Les historiens, les sociologues et les ethnologues ignorèrent longtemps Bachofen, à quelques exceptions près comme, par exemple, Lewis Morgan, le père de l’ethnologie américaine, qui avait déjà très bien décrit le système matriarcal régnant dans certaines tribus indiennes d’Amérique, et qui, après avoir pris connaissance des théories de Bachofen, le cita abondamment dans son livre, La Société ancienne110 Morgan était membre de sociétés scientifiques, et, sur son initiative, le gouvernement des États-Unis envoya à Bachofen de nombreux ouvrages sur les Indiens d’Amérique. L’œuvre de Bachofen inspira ultérieurement la notion de Kulturkreis, chère aux ethnologues allemands (Wilhelm Schmidt, Koppers et Grâbner), ainsi que les efforts de certains préhistoriens pour reconstituer les premières étapes de la culture, dont le matriarcat. Dans Les Origines de la famille, Friedrich Engels proposa une interprétation socialiste de l’œuvre de Bachofen630. Mathilde et Mathias Vaerting s’efforcèrent de dégager les différences essentielles entre une société dominée par les femmes : ils en arrivèrent à la conclusion que ce que nous appelons les caractéristiques mâles et femelles se rapportent seulement au sexe dominateur et au sexe dominé. Selon eux, dans une société dominée par les femmes, celles-ci auraient donc ce que nous appelons le « caractère mâle » et vice versa631. Un autre théoricien socialiste, August Bebel, affirma que les femmes avaient été les premiers êtres humains à subir l’esclavage632. Entre-temps, Élisée Reclus et Bakounine réinterprétèrent également Bachofen dans la ligne de leur idéologie anarchiste, et Bachofen finit même par jouir d’une certaine popularité parmi les suffragettes.

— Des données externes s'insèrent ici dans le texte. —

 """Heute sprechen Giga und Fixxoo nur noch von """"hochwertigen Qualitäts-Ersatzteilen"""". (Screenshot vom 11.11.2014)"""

De façon assez inattendue, la renommée de Bachofen s’étendit à un plus large public au début du XXe siècle, grâce à un groupe de poètes, philosophes et artistes néo-romantiques de Munich, qui s’appelaient eux-mêmes les Kosmiker633. Les descriptions que donnait Bachofen des cultures antérieures et sa méthode d’interprétation des symboles suscitèrent chez eux un vif enthousiasme. Ils firent de lui un prophète, l’appelant le mythologue du Romantisme634. Ils prirent l’initiative de faire publier des textes choisis de son œuvre. Ses idées ainsi répandues atteignirent finalement des cercles plus larges. Bien que les œuvres de Bachofen n’aient presque pas été traduites en d’autres langues, un certain nombre de ses idées devinrent très populaires et se retrouvent ainsi (sous une forme plus ou moins reconnaissable) dans d’innombrables publications d’historiens, d’ethnologues, de sociologues, d’écrivains politiques, de psychologues et de psychiatres, la plupart du temps sans mention de son nom.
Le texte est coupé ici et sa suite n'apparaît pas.